Use `./analyzer learn -h` to find more options, this will create a model in `data/models/example.bin`.

9. run the analyzer in monitor mode.
```bash
./analyze monitor --ip --ports 443 example
```

This will sniff traffic and attempt to classify it using the given model. Again, try `-h` for more options.

10. manually generate website traffic to be classified using the generation browser.
```bash
./generator browser
```

This starts the Chromium browser using the same environment as it was used to generate traffic.

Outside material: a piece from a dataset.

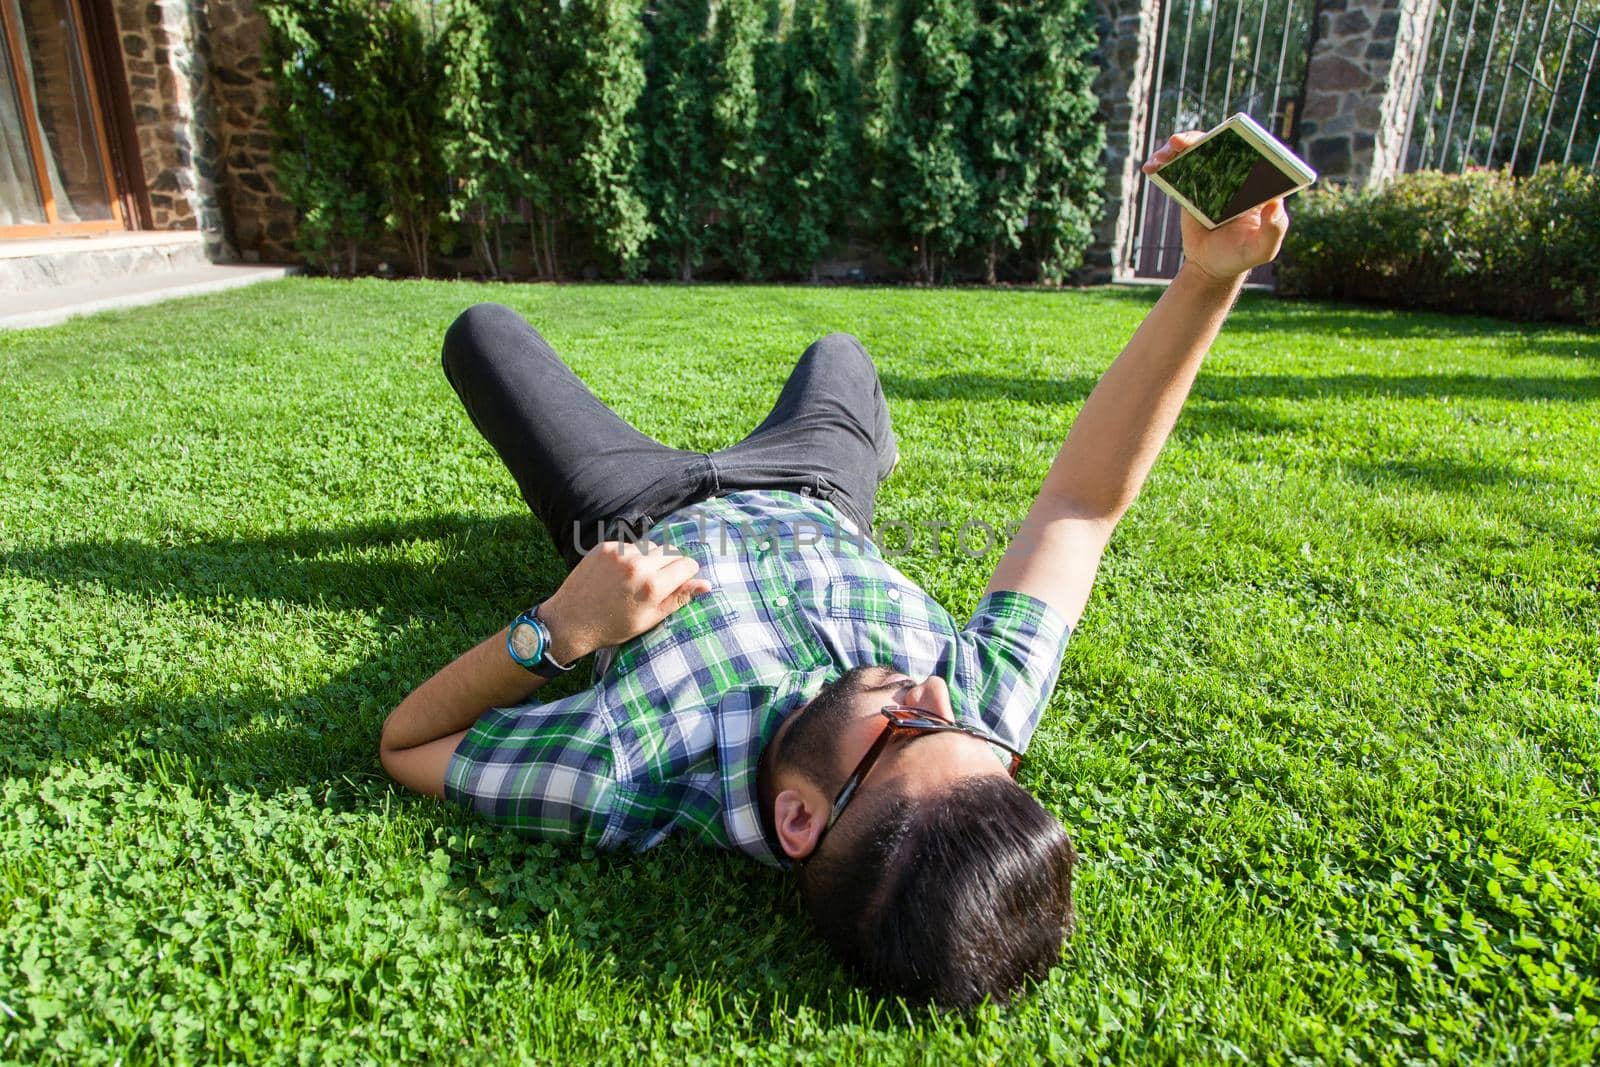 young man lie down on lawn and enjoying summertime.
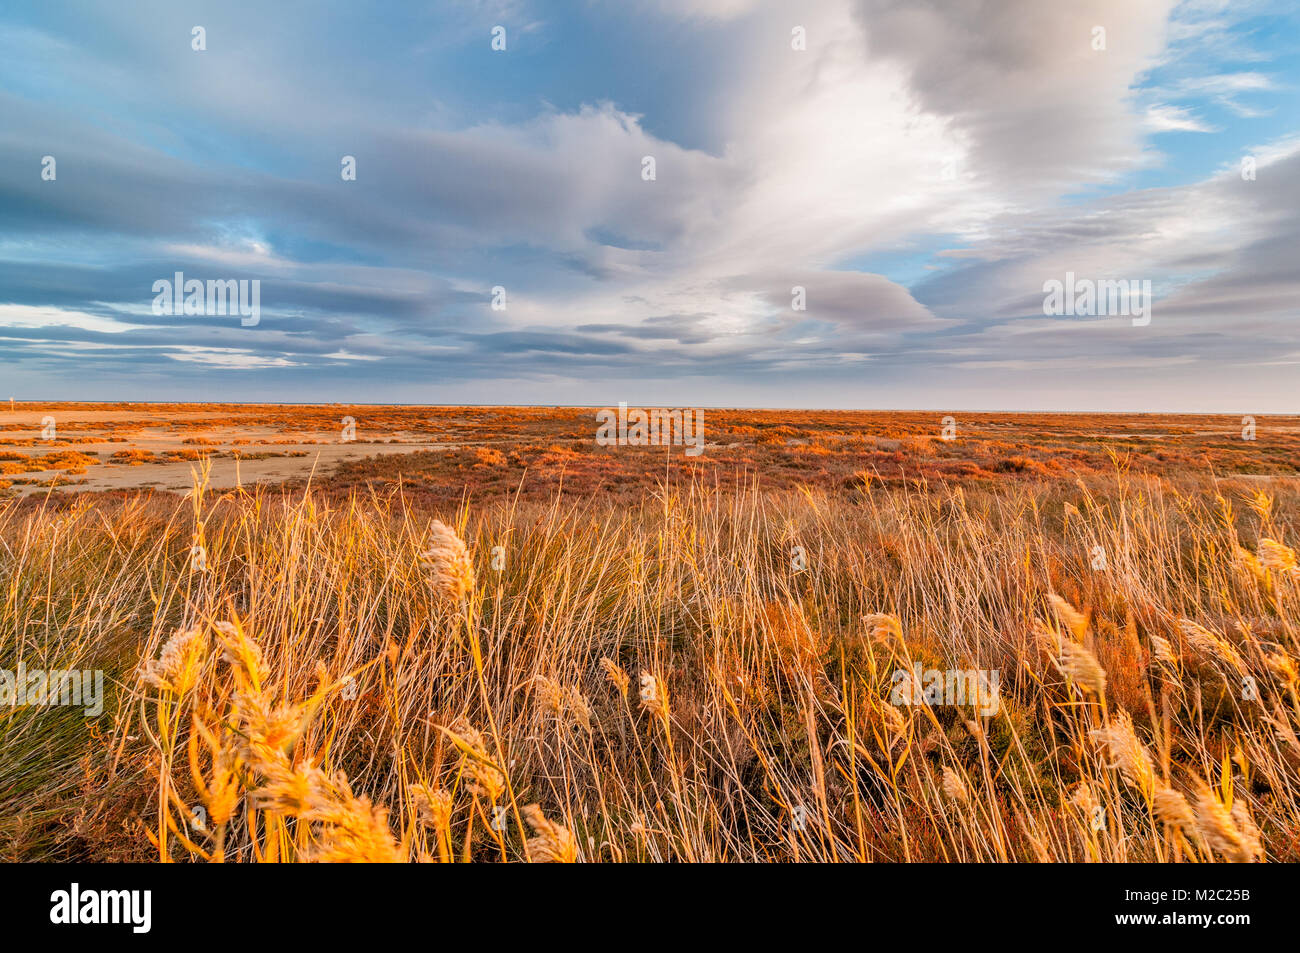 common reed in the foreground with the sky with clouds, Ebro Delta, Catalonia, Spain Stock Photo

If successful the following should appear in the log

```bash
2022-05-04 12:04:45,198 started capture on ''
2022-05-04 12:04:45,198 using filter 'ip and host and port (443)'..
2022-05-04 12:04:45,199 loaded model from 'data/models/example.bin'.
...
2022-05-04 12:04:49,630 analyzing x1 page loads..
time n/a
in 1878
out 36
packets 27
label monitor-mode
Name: 0, dtype: object
2022-05-04 12:04:49,638 match example/4k-file.html with accuracy 100.00% in 1.03ms.
...
```

11. Viewing the identified pages in a realtime browser mirror

```bash
./generate browser --live
```

Note that the traffic generated by the mirrored browser should not be captured by the analyzer, this will
result in an infinite loop. Use a proxy, filter or a local server.

For tuning please list available options using the `-h` flag or see the source code.